The adjusted R-squared was 0.162.
The residual standard error was approximately 7.71, indicating that predicted values were off by about 7.71 mentally unhealthy days on average.
The overall F-test was 46.08 with 29 and 6717 degrees of freedom (p < 0.001), indicating that the model as a whole was statistically significant.
tidy(model_full)
## # A tibble: 30 × 5
## term estimate std.error statistic p.value
## <chr> <dbl> <dbl> <dbl> <dbl>
## 1 (Intercept) 10.4 0.818 12.7 1.15e- 36
## 2 physhlth_days 0.252 0.0113 22.3 1.02e-106
## 3 bmi 0.0341 0.0148 2.29 2.18e- 2
## 4 sexFemale 1.57 0.191 8.24 2.08e- 16
## 5 exerciseYes -0.800 0.241 -3.32 9.15e- 4
## 6 age_group25-29 -0.605 0.576 -1.05 2.94e- 1
## 7 age_group30-34 -1.34 0.574 -2.34 1.95e- 2
## 8 age_group35-39 -1.39 0.544 -2.55 1.09e- 2
## 9 age_group40-44 -2.32 0.552 -4.20 2.74e- 5
## 10 age_group45-49 -3.20 0.552 -5.81 6.55e- 9
## # ℹ 20 more rows
Holding all other variables constant, each additional physically unhealthy day was associated with an average increase of 0.26 mentally unhealthy days.
Holding all else constant, a one-unit increase in BMI was associated with 0.03 more mentally unhealthy days.
Holding all other variables constant, females reported 1.57 more mentally unhealthy days on average compared with males.
Respondents who reported any exercise had 0.80 fewer mentally unhealthy days on average compared with those who did not exercise.
Anova(model_full, type = "III")
## Anova Table (Type III tests)
##
## Response: menthlth_days
## Sum Sq Df F value Pr(>F)
## (Intercept) 9616 1 161.8925 < 2.2e-16 ***
## physhlth_days 29650 1 499.1802 < 2.2e-16 ***
## bmi 313 1 5.2668 0.021766 *
## sex 4031 1 67.8684 < 2.2e-16 ***
## exercise 653 1 11.0019 0.000915 ***
## age_group 25927 12 36.3740 < 2.2e-16 ***
## income 3447 6 9.6721 1.258e-10 ***
## education 452 4 1.9027 0.107064
## smoking 3426 3 19.2258 2.075e-12 ***
## Residuals 398979 6717
## ---
## Signif. codes: 0 '***' 0.001 '**' 0.01 '*' 0.05 '.' 0.1 ' ' 1
Using Type III partial sums of squares, I evaluated the independent contribution of each predictor after adjusting for all other variables in the model.
Predictors with p-values less than 0.05 were considered to have statistically significant partial associations with mentally unhealthy days.
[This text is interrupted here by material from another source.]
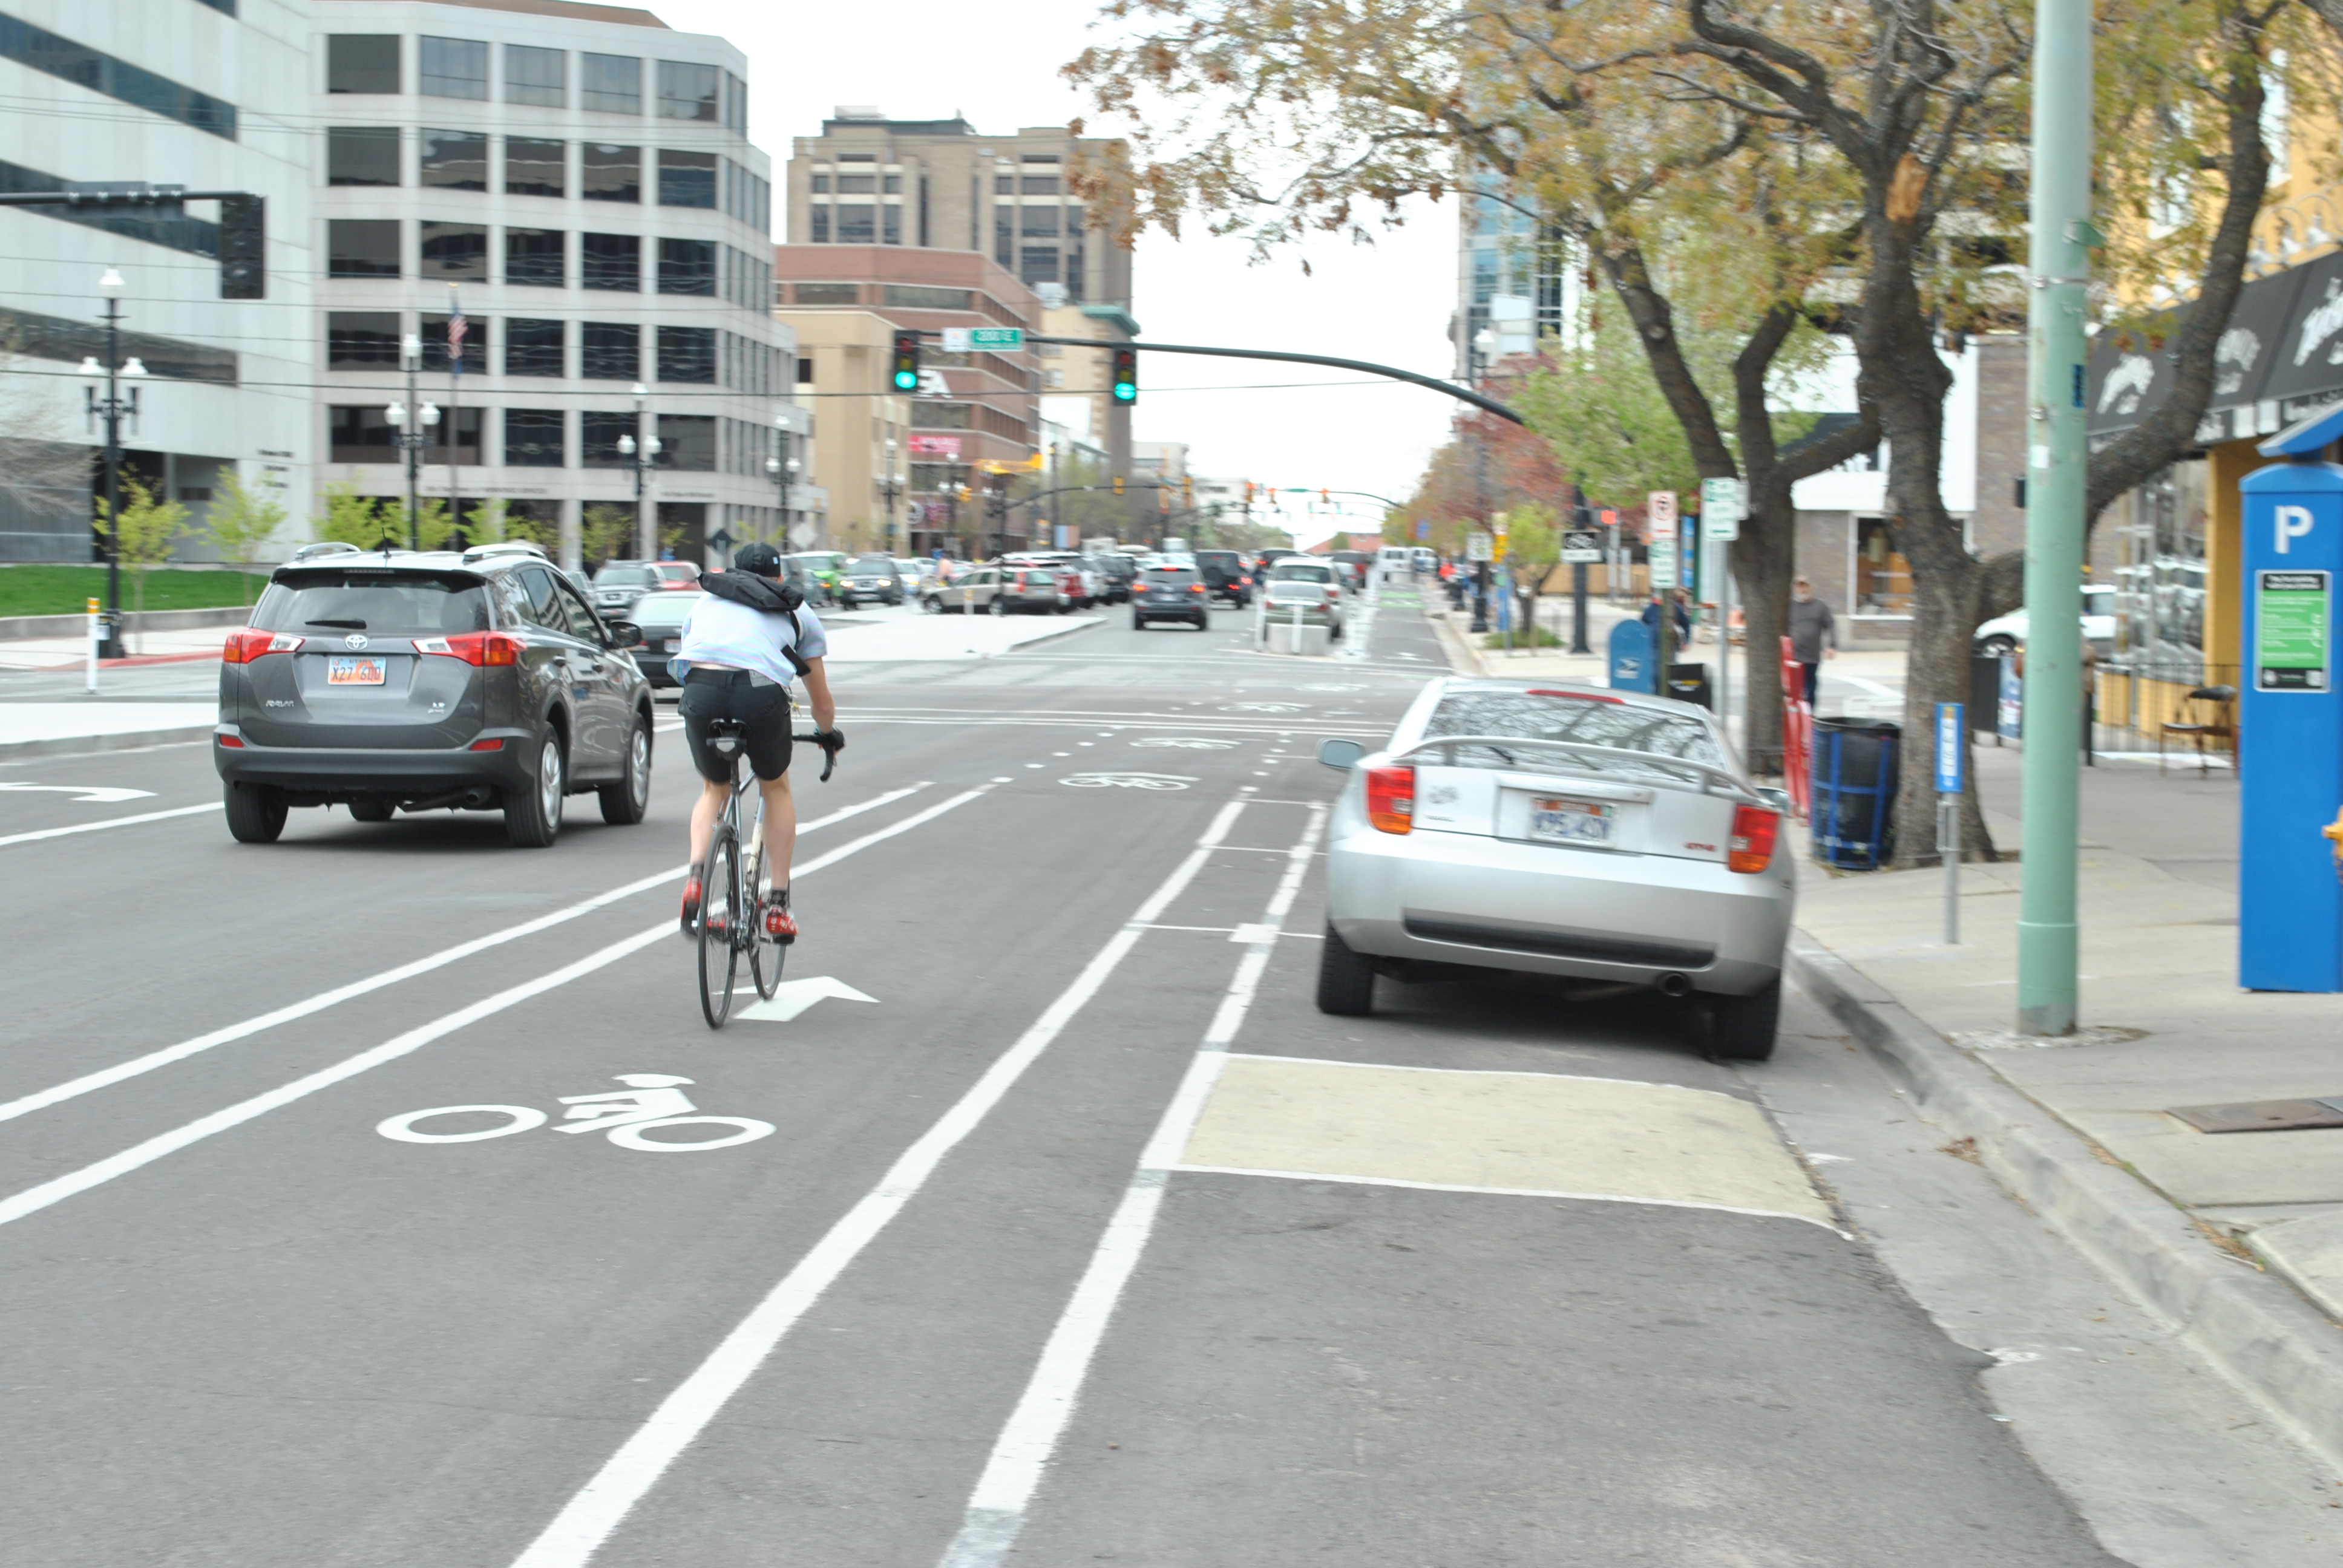 300 South Bikepath: Cyclists Still Use the Sidewalk

brfss_hyp <- brfss_analytic %>%
drop_na(menthlth_days, physhlth_days, bmi, sex, exercise,
age_group, income, education, smoking)
model_full <- lm(
menthlth_days ~ physhlth_days + bmi + sex + exercise +
age_group + income + education + smoking,
data = brfss_hyp
)
model_no_income <- lm(
menthlth_days ~ physhlth_days + bmi + sex + exercise +
age_group + education + smoking,
data = brfss_hyp
)
anova(model_no_income, model_full)
## Analysis of Variance Table
##
## Model 1: menthlth_days ~ physhlth_days + bmi + sex + exercise + age_group +
## education + smoking
## Model 2: menthlth_days ~ physhlth_days + bmi + sex + exercise + age_group +
## income + education + smoking
## Res.Df RSS Df Sum of Sq F Pr(>F)
## 1 6723 402426
## 2 6717 398979 6 3447 9.6721 1.258e-10 ***
## ---
## Signif. codes: 0 '***' 0.001 '**' 0.01 '*' 0.05 '.' 0.1 ' ' 1
H0: All income coefficients = 0
HA: At least one income coefficient ≠ 0
The comparison between the reduced model (excluding income) and the full model shows a statistically significant difference (p < 0.001).
This indicates that income significantly improves model fit and should be retained in the model.
The comparison between the reduced model (excluding education) and the full model is not statistically significant (p = 0.107).
This suggests that education does not significantly improve model fit and could be removed from the model.
model_no_education <- lm(
menthlth_days ~ physhlth_days + bmi + sex + exercise +
age_group + income + smoking,
data = brfss_hyp
)
anova(model_no_education, model_full)
## Analysis of Variance Table
##
## Model 1: menthlth_days ~ physhlth_days + bmi + sex + exercise + age_group +
## income + smoking
## Model 2: menthlth_days ~ physhlth_days + bmi + sex + exercise + age_group +
## income + education + smoking
## Res.Df RSS Df Sum of Sq F Pr(>F)
## 1 6721 399431
## 2 6717 398979 4 452.06 1.9027 0.1071
The null hypothesis for the education chunk test was that all education coefficients were equal to zero. The alternative hypothesis was that at least one education coefficient was not equal to zero.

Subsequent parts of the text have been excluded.